Even on OSU’s first possession, they had it fourth and one at the Nebraska 43 and went for it. Surely, a running play would pick up the yard, but, instead, Stroud threw a long pass over the middle that tight end Jeremy Ruckert couldn’t pull down. Maybe we’ve come to expect magic. A surprise call for a touchdown, but what we got was a demonstration of a lack of confidence in the run and turning over the ball on downs. Late in the fourth quarter, when the Bucks needed to run the clock and the running game was finally beginning to click, with Henderson gaining 10, then 22 yards on a couple of carries, the Bucks chose to pass on first down. Stroud gets sacked and fumbles. Lucky to recover.
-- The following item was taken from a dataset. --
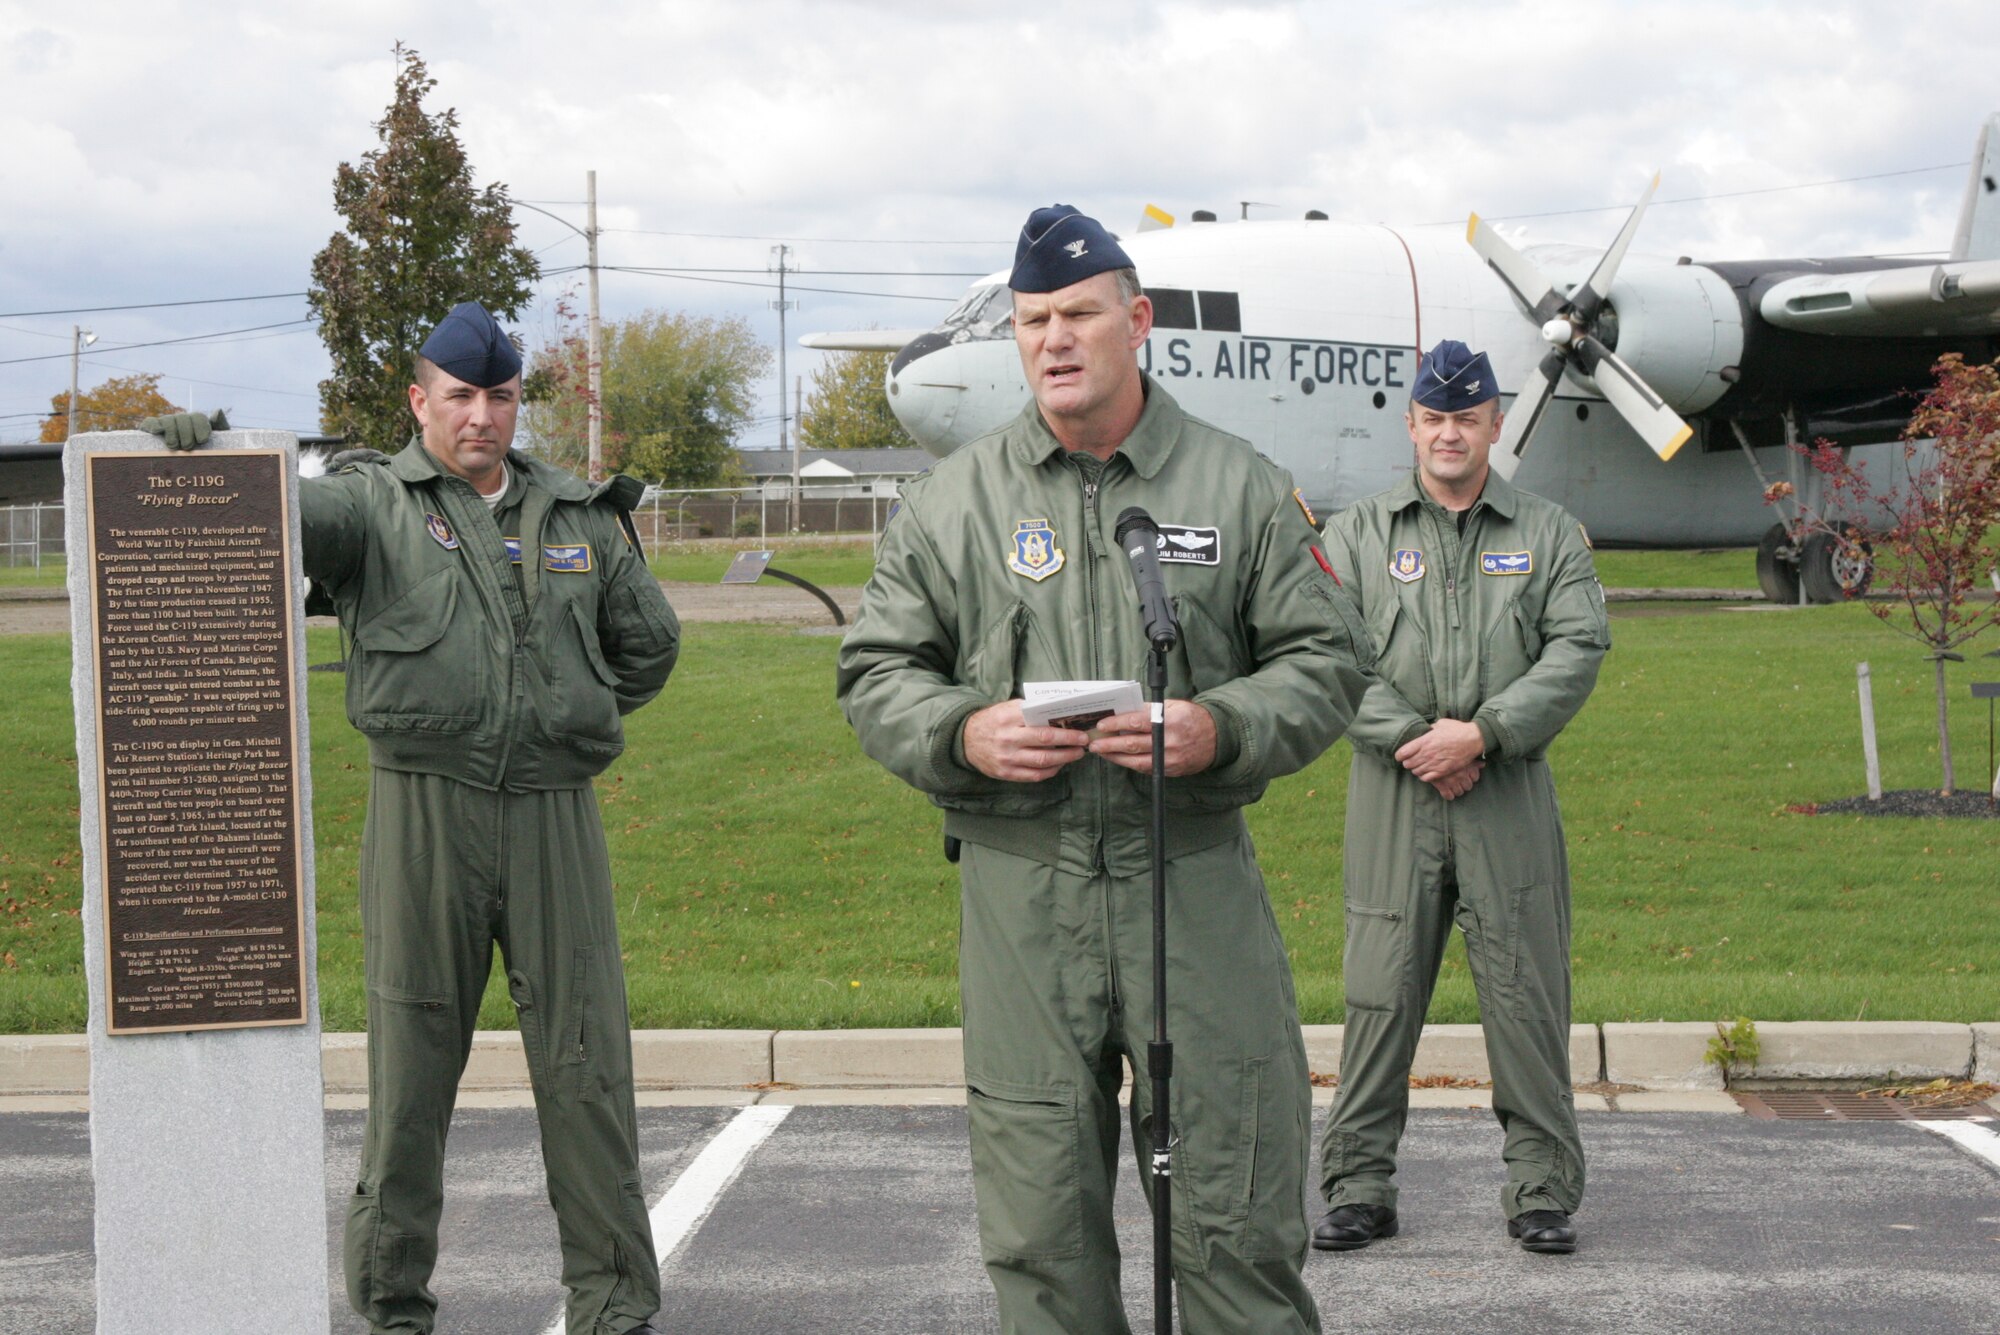 NIAGARA FALLS AIR RESERVE STATION, NY- 914th AW Commander Col. James Roberts (center) speaks to a crowd during  the C-119 dedication ceremony held here recently while 440th AW Commander Col. Merle Hart (right) and Senior Master Sergeant Flores of the 440th AW (left) look on.  The C-119 was acquired from the 440th AW stationed at General Mitchell Air Reserve Station, Wisconsin.  Due to the Base Realignment & Closure Commissions decision to close Gen. Mitchell ARS all assets are being distributed and utilized throughout the Air Force.  The C-119 was dismantled at Gen Mitchell ARS, transported by tractor trailer to Niagara Falls ARS where it was reassembled and dedicated as a reminder to the 914th AW historical linage.  Photo by: Senior Master Sergeant (Ret.) Mike Harvey (Released)

And on defense? Husker quarterback Adrian Martinez started to run the ball, as he’s well capable of doing, in the second half – on designed runs and especially on scrambles. Where was the linebacker spy? Somebody needed to be assigned to the quarterback. Probably Steele Chambers, who has the speed for the job. But the linebackers all kept dropping into coverage. All in all, there were some questionable coaching calls.
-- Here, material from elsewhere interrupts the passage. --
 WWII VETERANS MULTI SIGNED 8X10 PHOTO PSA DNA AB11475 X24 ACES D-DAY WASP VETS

On the other hand, the game produced a Buckeye win. And Nebraska is no slouch. OSU won by nine, while Michigan State and Michigan each beat the Huskers by only three, and Oklahoma beat them by only seven. In fact, this loss was Nebraska’s worst of their seven for the season. With Michigan State’s loss to Purdue, the Bucks are alone at the top of the Big Ten East and can still win out and make the playoffs. As for the Cornhuskers? At 3-7 and at the bottom of the West, Scott Frost should be sending his resume around.
Just like last week? No, I think that the offense was actually worse. It’s not a good thing when your quarterback throws the ball 54 times, and Stroud did against the Cornhuskers. He completed two thirds of them (36) for 405 yards. A lot of passing yards – but only two touchdowns. Aside from Smith-Njigba’s long touchdown, there weren’t many big plays; rather, the passes were short, the Huskers, like Penn State, keeping receivers in front of them.
Henderson ran 21 times for 92 yards, a 4.4 average. Way below his season average, but, then again, maybe that’s simply where the OSU running game is these days. Miyan Williams and Master Teague carried the ball three times between them. Might it be better to do a little more rotating of backs? Give the opponents’ defense a different look? Maybe. But it’s the pass blocking, rather than Henderson’s running, that’s the real problem. All of those tackles up front do a good job of walling out pass rushers, but are they mobile enough to run-block a respectable defense?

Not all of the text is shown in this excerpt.